A is the dataset (a tall array), x contains the coefficients, ρ is the penalty parameter (augmented Lagrangian parameter), b is the response (a tall array), and S is the soft thresholding operator.

`${S}_{\kappa }\left(a\right)=\left\{\begin{array}{c}\begin{array}{cc}a-\kappa ,\text{\hspace{0.17em}}& a>\kappa \end{array}\\ \begin{array}{cc}0,\text{\hspace{0.17em}}& |a|\text{\hspace{0.17em}}\le \kappa \text{\hspace{0.17em}}\end{array}\\ \begin{array}{cc}a+\kappa ,\text{\hspace{0.17em}}& a<\kappa \text{\hspace{0.17em}}\end{array}\end{array}.$`

`lasso` solves the linear system using Cholesky factorization because the coefficient matrix ${A}^{T}A+\rho I$ is symmetric and positive definite. Because $\rho$ does not change between iterations, the Cholesky factorization is cached between iterations.

Even though A and b are tall arrays, they appear only in the terms ${A}^{T}A$ and ${A}^{T}b$. The results of these two matrix multiplications are small enough to fit in memory, so they are precomputed and the iterative updates between iterations are performed entirely within memory.

 Tibshirani, R. “Regression Shrinkage and Selection via the Lasso.” Journal of the Royal Statistical Society. Series B, Vol. 58, No. 1, 1996, pp. 267–288.

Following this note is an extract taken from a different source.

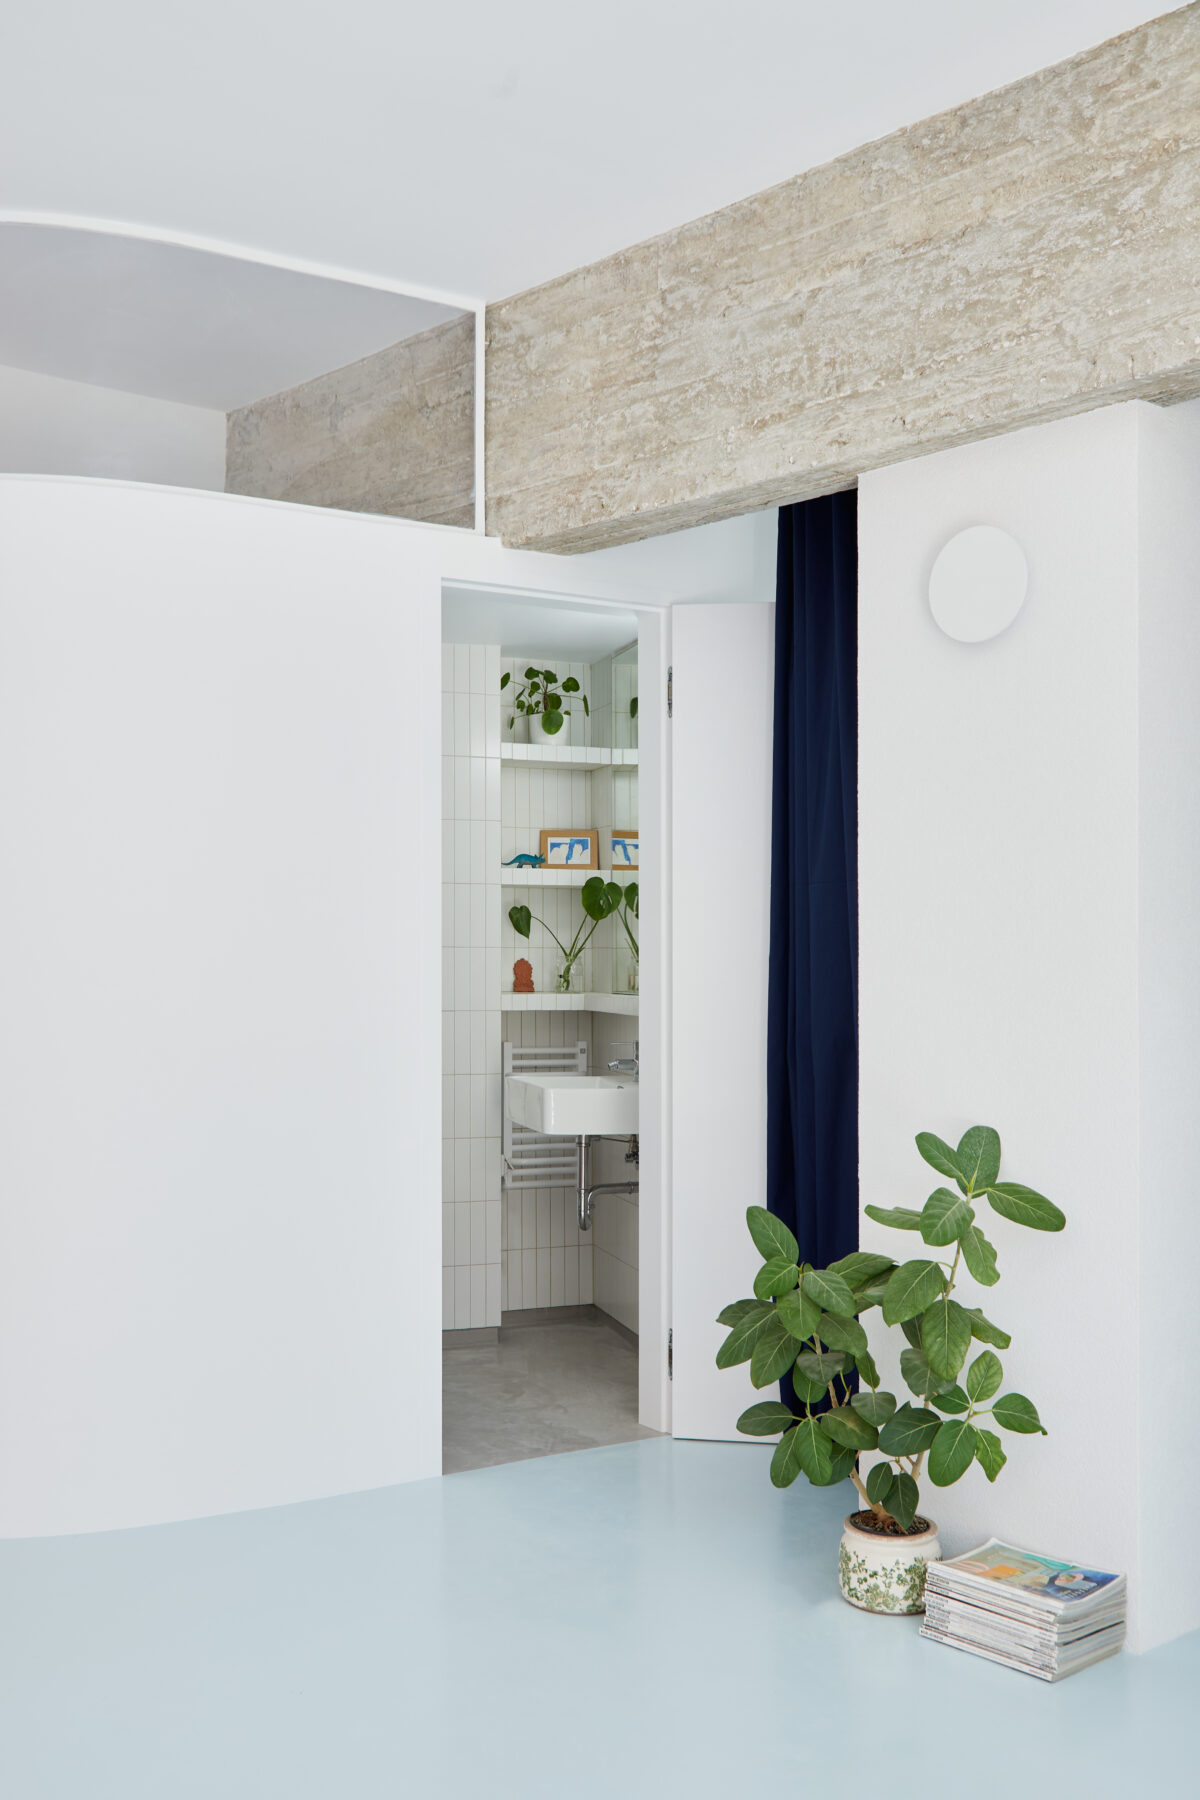 Archisearch Architect Federica Scalise renovated Paraschou apartment studio in Gyzi, Athens

 Zou, H., and T. Hastie. “Regularization and Variable Selection via the Elastic Net.” Journal of the Royal Statistical Society. Series B, Vol. 67, No. 2, 2005, pp. 301–320.

 Friedman, J., R. Tibshirani, and T. Hastie. “Regularization Paths for Generalized Linear Models via Coordinate Descent.” Journal of Statistical Software. Vol. 33, No. 1, 2010. `https://www.jstatsoft.org/v33/i01`

 Hastie, T., R. Tibshirani, and J. Friedman. The Elements of Statistical Learning. 2nd edition. New York: Springer, 2008.

 Boyd, S. “Distributed Optimization and Statistical Learning via the Alternating Direction Method of Multipliers.” Foundations and Trends in Machine Learning. Vol. 3, No. 1, 2010, pp. 1–122.